Очевидно, к этому разряду относился и бывший статский советник. Во всяком
случае, это объясняло бы многое в его поведении и поступках.
Фандорин тихонько толкнул дверь, и она
отворилась без скрипа – стало быть, петли были хорошо смазаны.
Я увидел покатый спуск, озаренный багровыми
отсветами пламени. Где-то внизу горел костер или факелы.
Мы спустились по довольно узкому проходу шагов
на двадцать, и Фандорин, шедший впереди, вскинул руку. Стали слышны гулкие,
подхваченные каменными сводами голоса. Мои глаза немного свыклись с мраком, и я
увидел, что проход образован двумя штабелями старинных дубовых бочек,
прогнивших от времени и сырости.
Эраст Петрович вдруг пригнулся и проскользнул
в зазор между бочек. Мы последовали за ним.
Оказалось, что огромные деревянные емкости
стоят невплотную, и щели меж ними образуют некое подобие лабиринта. Мы бесшумно
крались этим извилистым путем, определяя направление по бликам на потолке и
звуку голосов, делавшихся все более слышными, так что вскоре я уже мог
различать отдельные слова, хоть и не всегда понимал их значение.
– …завтра… за базлан макитру пробурю…
когда свистну, тогда и кукарекнешь…
Эраст Петрович свернул в узкий лаз и двигаться
перестал, замер. Я высунулся из-за его плеча, и увидел диковинную, зловещую
картину.
Посреди открытого и довольно обширного пространства,
со всех сторон окруженного рядами темных бочек, стоял дощатый стол. Вокруг
стояло несколько железных треног, в которые были воткнуты факелы. Огонь мигал и
потрескивал, к сводчатому потолку тянулись струйки черного дыма.

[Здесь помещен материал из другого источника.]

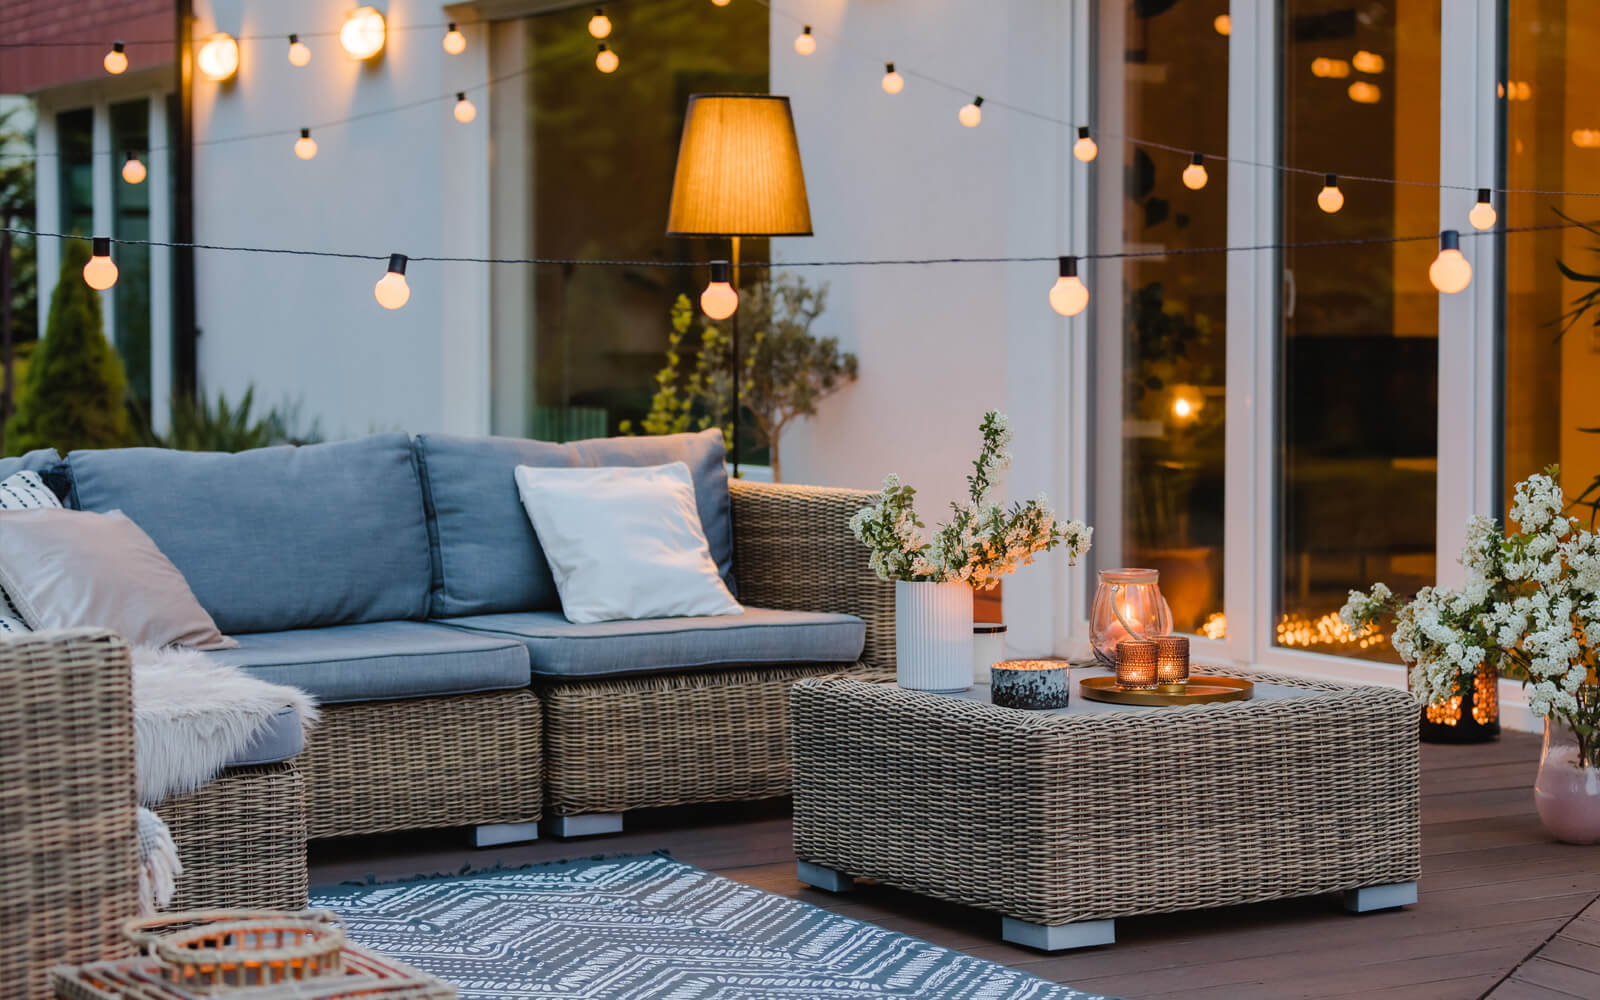 Lounge im Garten in Abendstimmung mit Lampion-Beleuchtung

За столом сидели шестеро: один во главе,
пятеро по остальным трем сторонам. Вожака я мог разглядеть лучше, чем прочих,
потому что он был повернут лицом как раз в нашу сторону. Я увидел грубое и
сильное лицо с выступающим лбом, резкими складками вдоль рта, расширяющейся
нижней челюстью, но мое внимание привлекло даже не лицо, а правая рука главаря,
лежавшая на столе. Вместо кисти она заканчивалась трехзубой вилкой!
Культя – а это вне всякого сомнения был он –
ткнул своей невероятной рукой в стоящее перед ним блюдо, подцепил кусок мяса и
отправил в рот.
– Никто не кукарекает, – сказал один
из сидевших спиной. – Гутора нет. Нешто мы без понятия. Но ты хоть
стукалку навесь. В чем мазан-то, а? Чё мы тут тыримся? Чё пухнем? Уж невмочь
портки тереть. Вина не пей, в листки не чеши. Этак околеешь.

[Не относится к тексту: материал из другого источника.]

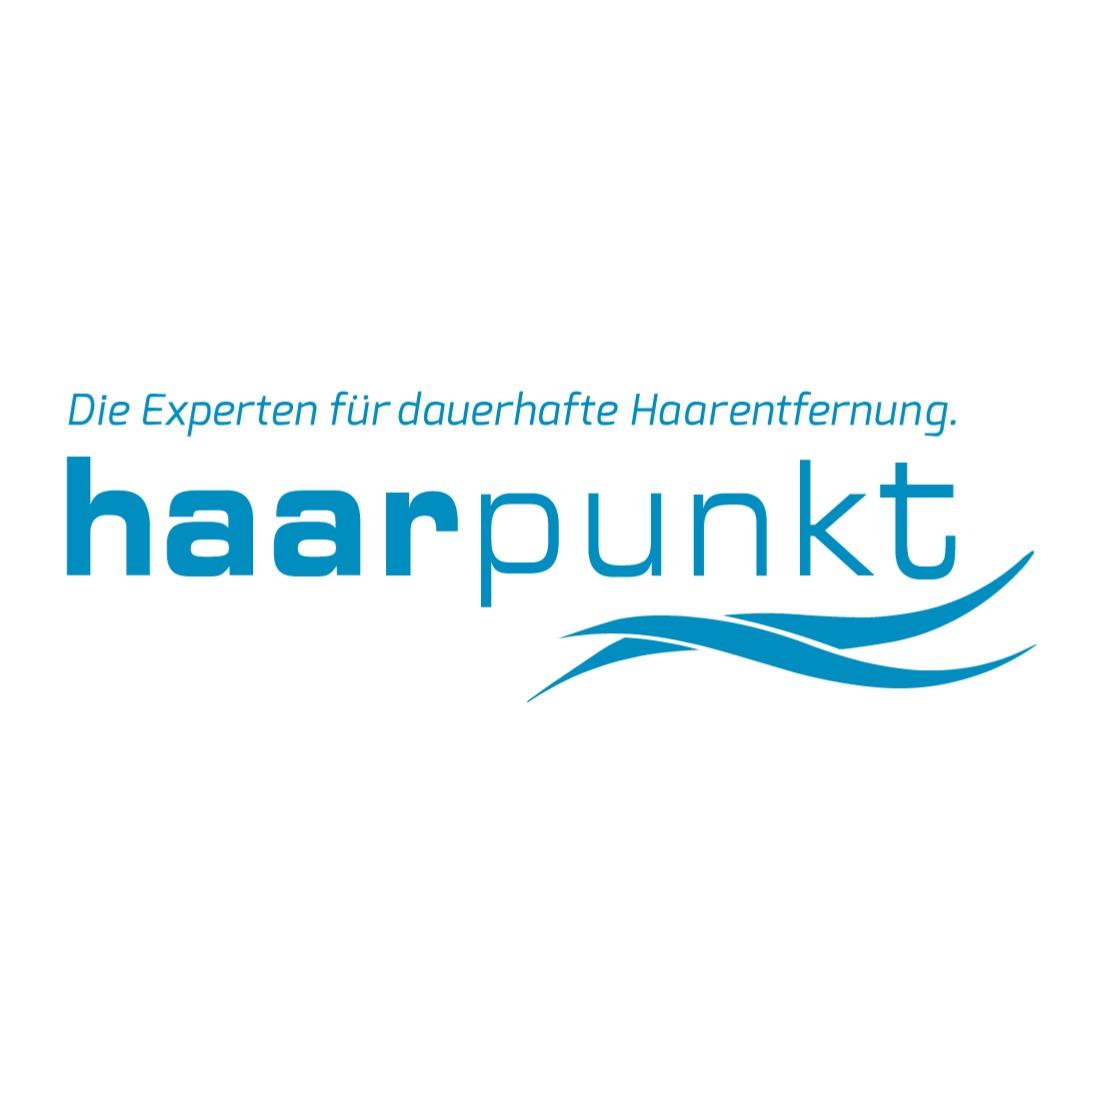 Bild zu Haarpunkt Bonn, Dauerhafte Haarentfernung mit modernster Lasertechnologie in Bonn

Остальные заворочались, зашумели, выказывая
явное согласие говорившему.
Культя неторопливо жевал, поглядывая на них
глубоко посаженными, тонущими в подбровных тенях глазами – лишь искорки
поблескивали. Дал своим товарищам немного пошуметь, а потом вдруг с размаху
ударил вилкой по блюду. Раздался треск, и крепкая глиняная посудина раскололась
пополам. Сразу стало тихо.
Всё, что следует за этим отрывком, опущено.